▶ [WORK TO COMPLETE]
Transcribe the entries below word for word, beginning at the line with "Flash Memory SIG Discussion" and stopping after the line with "Stop Asking for Referrals"; drop all pictures.

▶ [INFORMATION GIVEN]
____

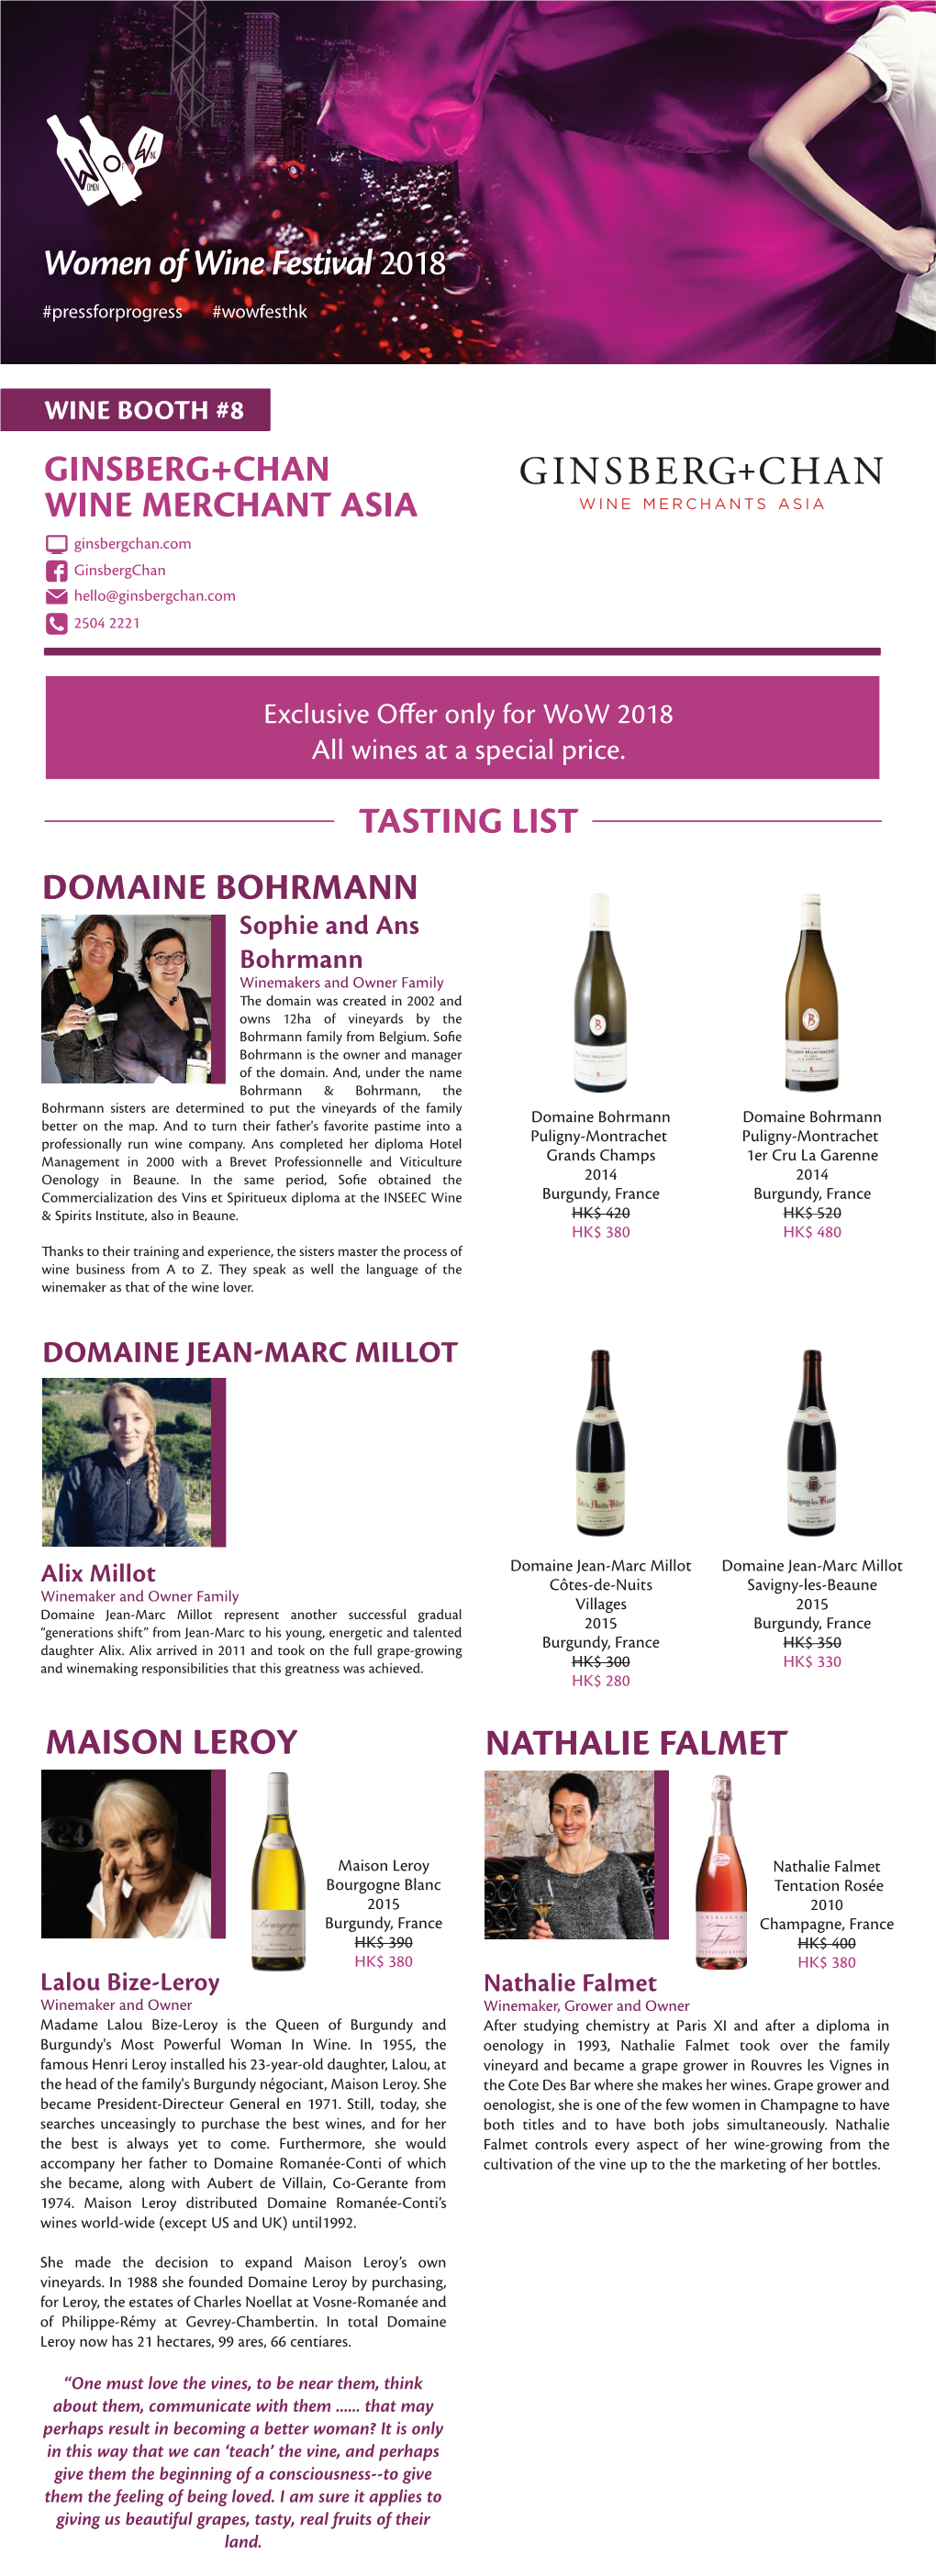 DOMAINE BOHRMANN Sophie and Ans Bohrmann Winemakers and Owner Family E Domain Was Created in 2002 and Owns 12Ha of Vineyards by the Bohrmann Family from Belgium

____

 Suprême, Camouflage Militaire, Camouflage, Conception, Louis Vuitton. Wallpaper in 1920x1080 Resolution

____

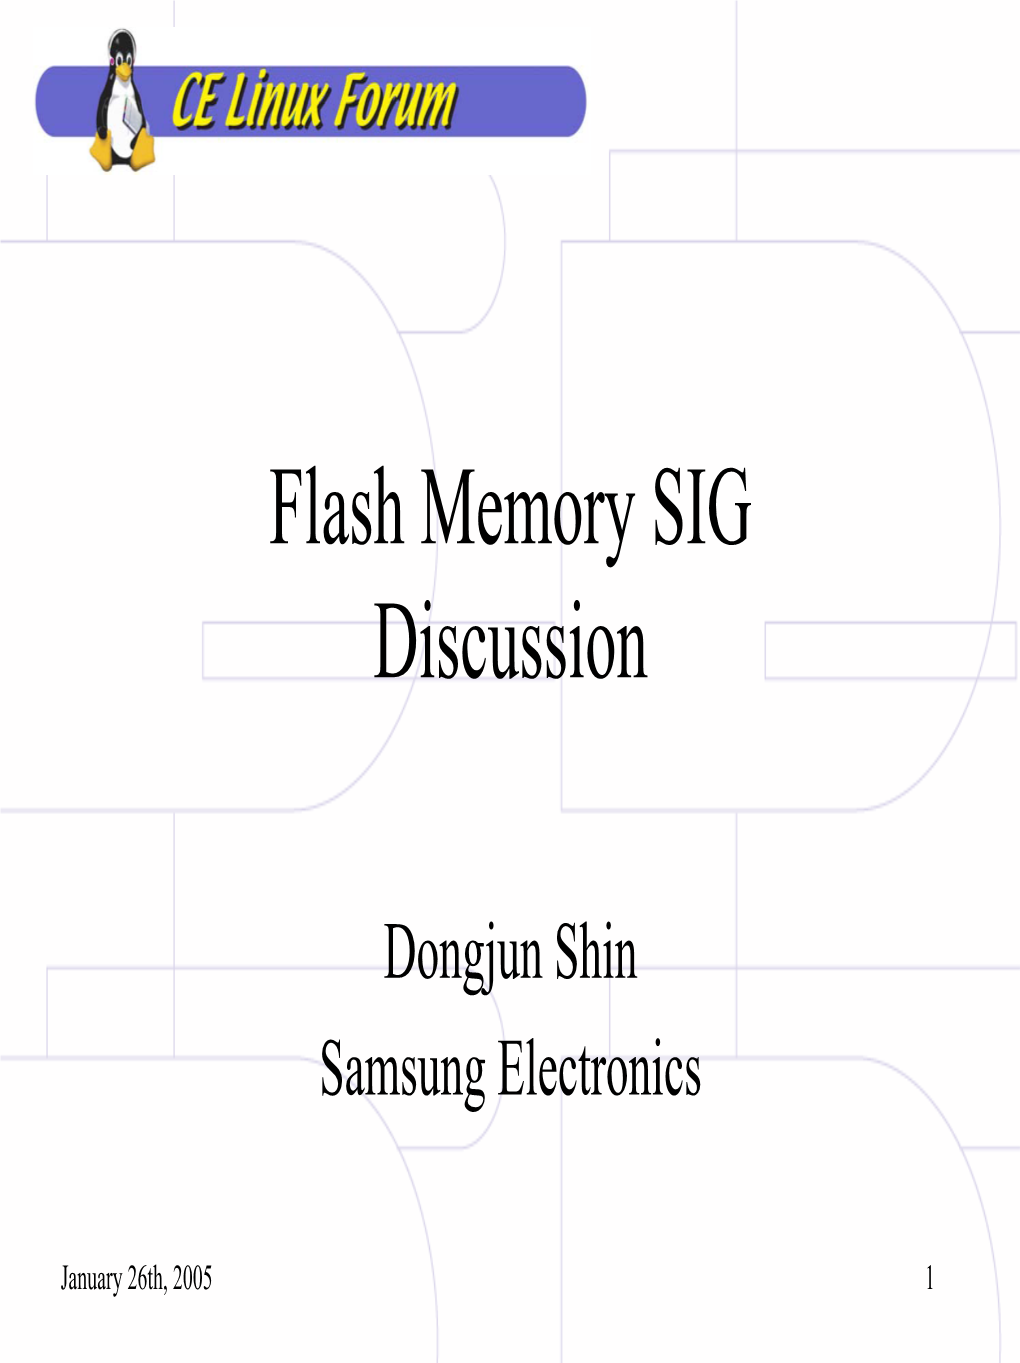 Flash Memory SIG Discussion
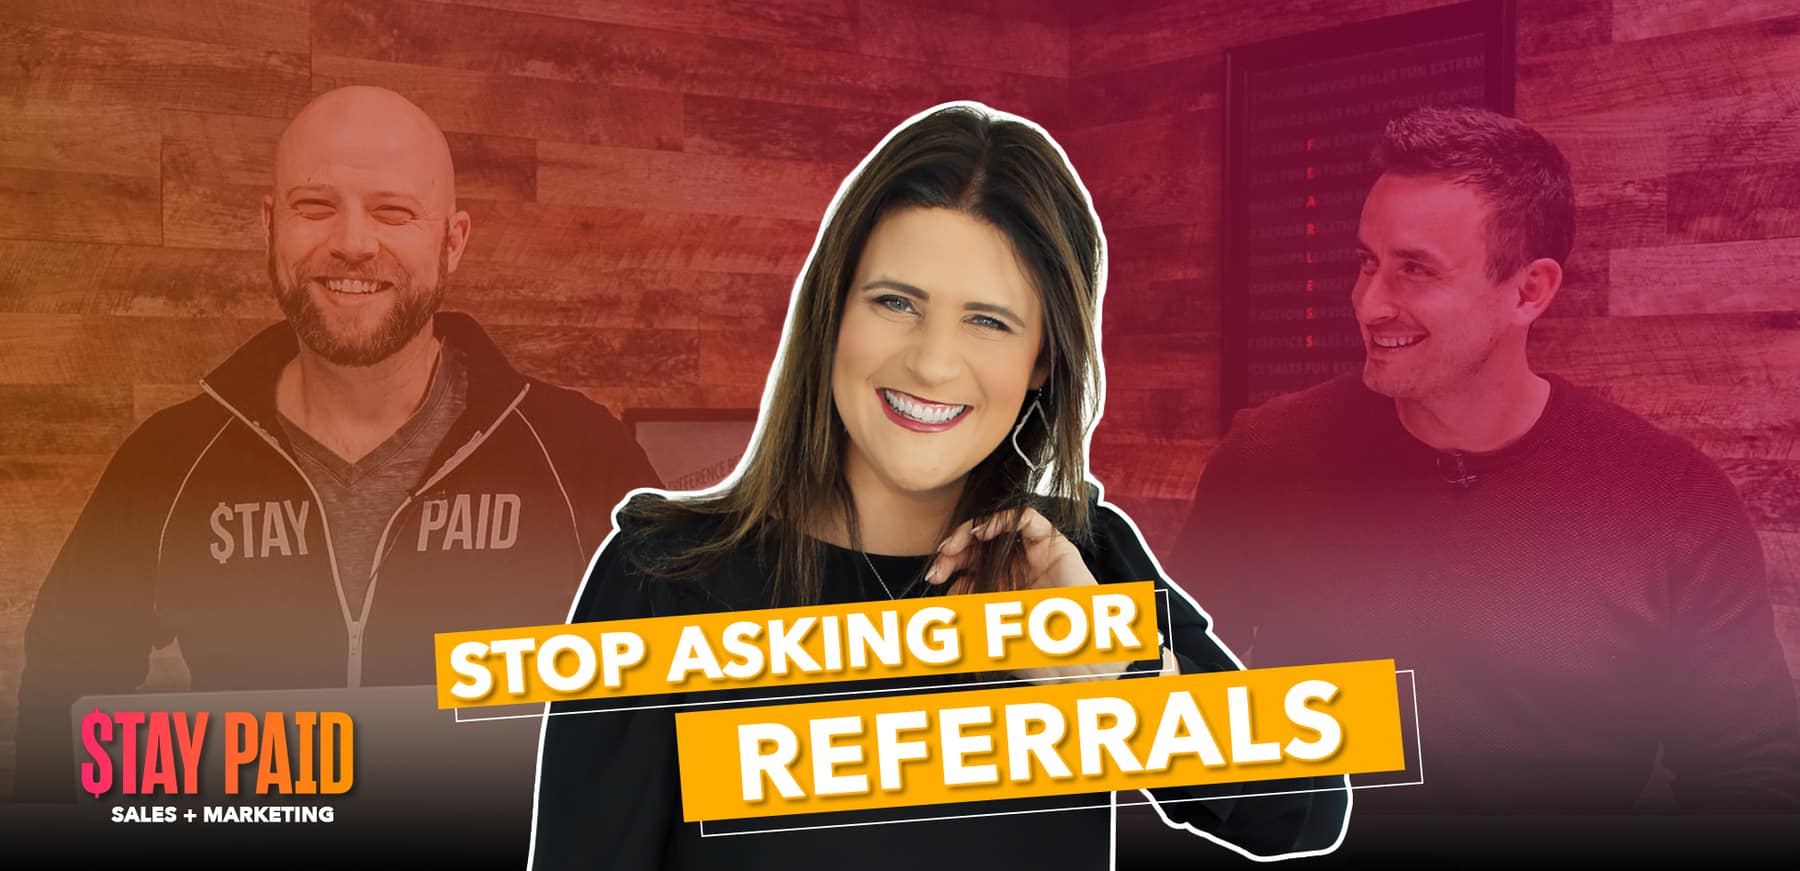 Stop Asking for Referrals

____

▶ [EXERCISE RESULT]
 Flash Memory SIG Discussion
 Stop Asking for Referrals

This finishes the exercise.